When I am inserting into an Oracle Table via oci8 from PHP, I do:
utf8_decode($my_sent_value)
And when receiving data from Oracle, printing the variable should just work as so:
echo $my_received_value
However when sending that data over ajax I have had to use:
utf8_encode($my_received_value)
If you really cannot change the character set that oracle will use then how about Base64 encoding your data before storing it in the database. That way, you can accept characters from any character set and store them as ISO-8859-1 (because Base64 will output a subset of the ASCII character set which maps exactly to ISO-8859-1). Base64 encoding will increase the length of the string by, on average, 37%
If your data is only ever going to be displayed as HTML then you might as well store HTML entities as you suggested, but be aware that a single entity can be up to 10 characters per unencoded character e.g. ϑ is ϑ
I had to face this problem : the LatinAmerican special characters are stored as "?" or "¿" in my Oracle database ... I can't change the NLS_CHARACTER_SET because we're not the database owners.
So, I found a workaround :
1) ASP.NET code
Create a function that converts string to hexadecimal characters:
public string ConvertirStringAHex(String input)
{
Encoding encoding = System.Text.Encoding.GetEncoding("ISO-8859-1");
Byte[] stringBytes = encoding.GetBytes(input);
StringBuilder sbBytes = new StringBuilder(stringBytes.Length);
foreach (byte b in stringBytes)
{
sbBytes.AppendFormat("{0:X2}", b);
}
return sbBytes.ToString();
}
2) Apply the function above to the variable you want to encode, like this
myVariableHex = ConvertirStringZHex( myVariable );
In ORACLE, use the following:
PROCEDURE STORE_IN_TABLE( iTEXTO IN VARCHAR2 )
IS
BEGIN
INSERT INTO myTable( SPECIAL_TEXT )
VALUES ( UTL_RAW.CAST_TO_VARCHAR2(HEXTORAW( iTEXTO ));
COMMIT;
END;
Of course, iTEXTO is the Oracle parameter which receives the value of "myVariableHex" from ASP.NET code.

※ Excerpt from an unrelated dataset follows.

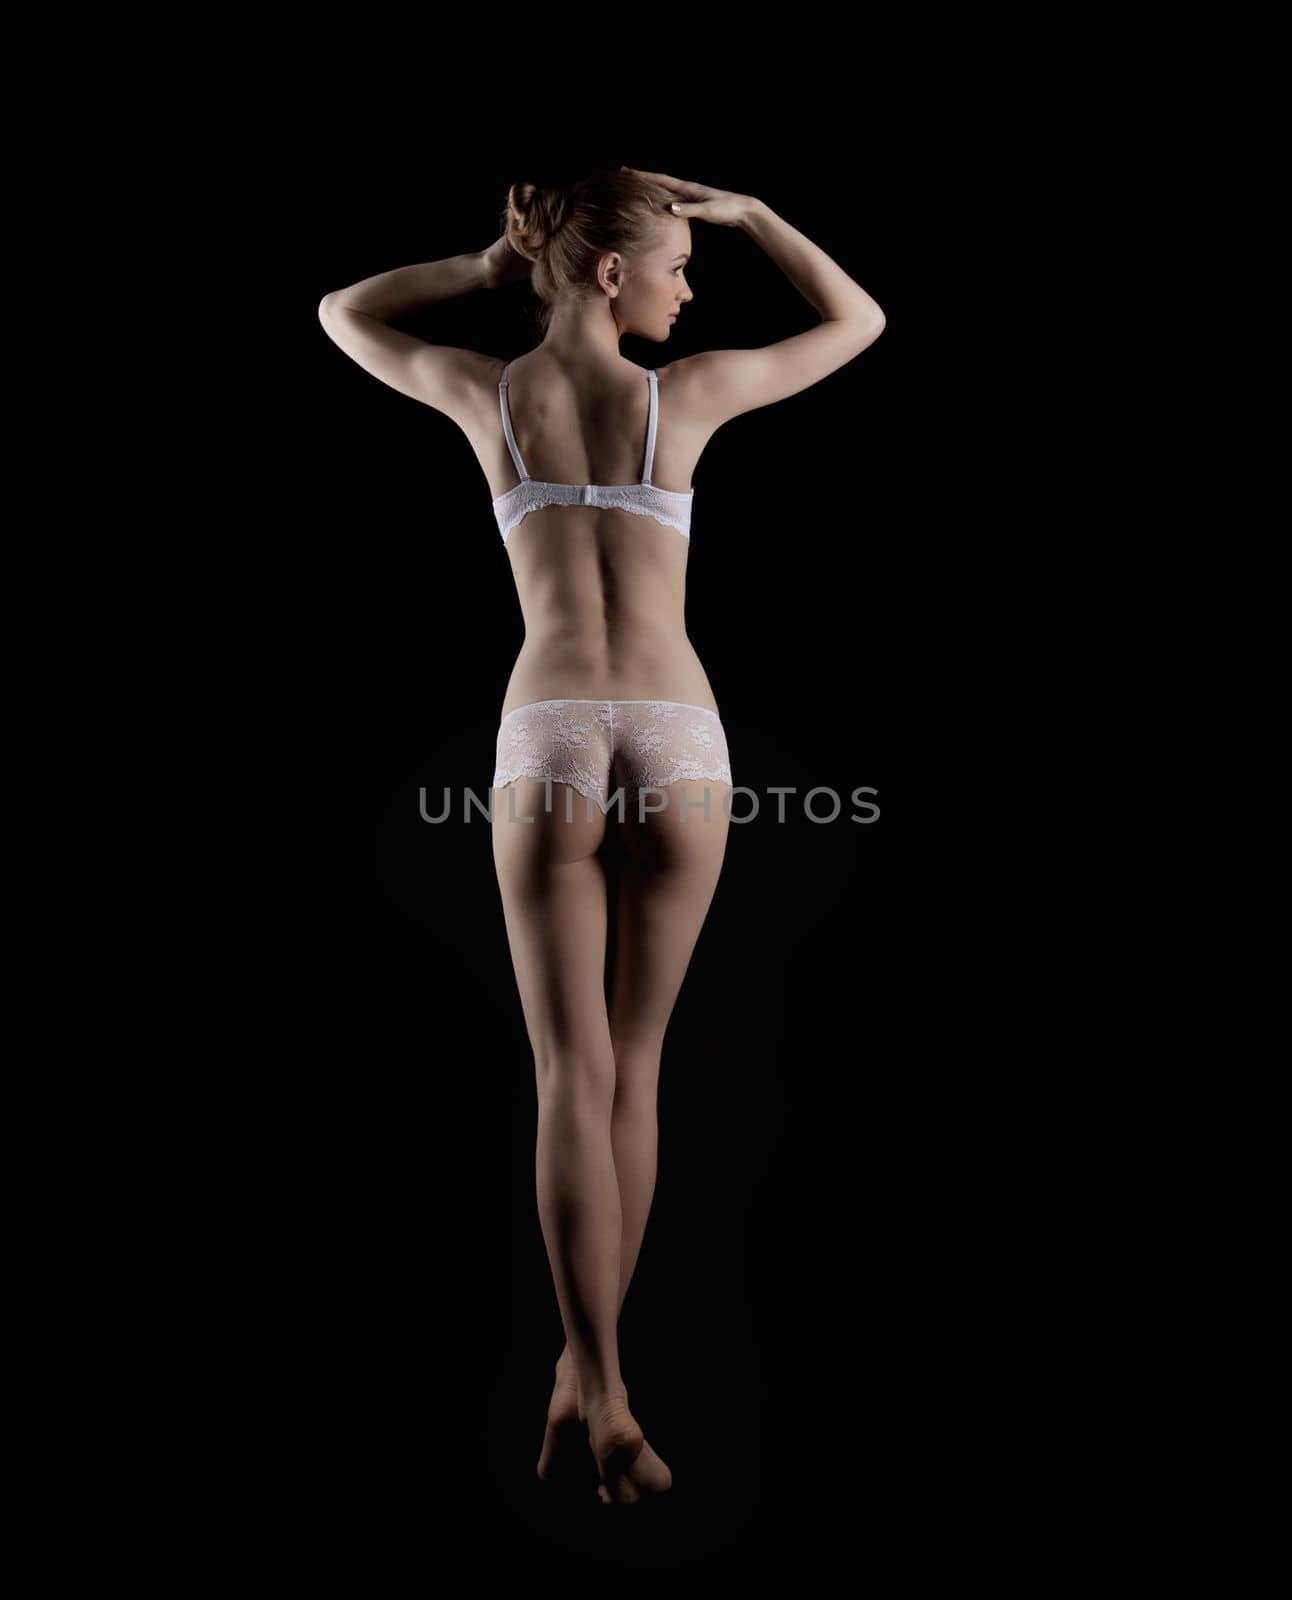 Attractive young woman stand in beauty white lingerie in dark

Hope it helps ... if there's something to improve pls don't hesitate to post your comments.
Sources:
http://www.nullskull.com/faq/834/convert-string-to-hex-and-hex-to-string-in-net.aspx
https://forums.oracle.com/thread/44799
If you have different charsets between the server side code (php in this case) and the Oracle database, you should set server side code charset in the Oracle connection, then Oracle made the conversion.
Example: Let's assume:
php charset utf-8 (default).
Oracle charset AMERICAN_AMERICA.WE8ISO8859P1
In the connection to Oracle made by php you should set UTF8 (third parameter).
oci_pconnect("USER", "PASS", "URL"),"UTF8");
Doing this, you write code in utf-8 (not doing any conversion at all) and get utf-8 from the database through this connection.
So you could write something like SELECT * FROM SOME_TABLE WHERE TEXT = 'SOME TEXT LIKE áéíóú Ñ' and also get utf-8 text as a result.
According to the php documentation, by default, Oracle client (oci_pconnect) takes the NLS_LANG environment variable from the Operating system. Some debian based systems has no NLS_LANG enviromental variable, so I think Oracle client use it's own charset (AMERICAN_AMERICA.WE8ISO8859P1) if we don't specify the third parameter.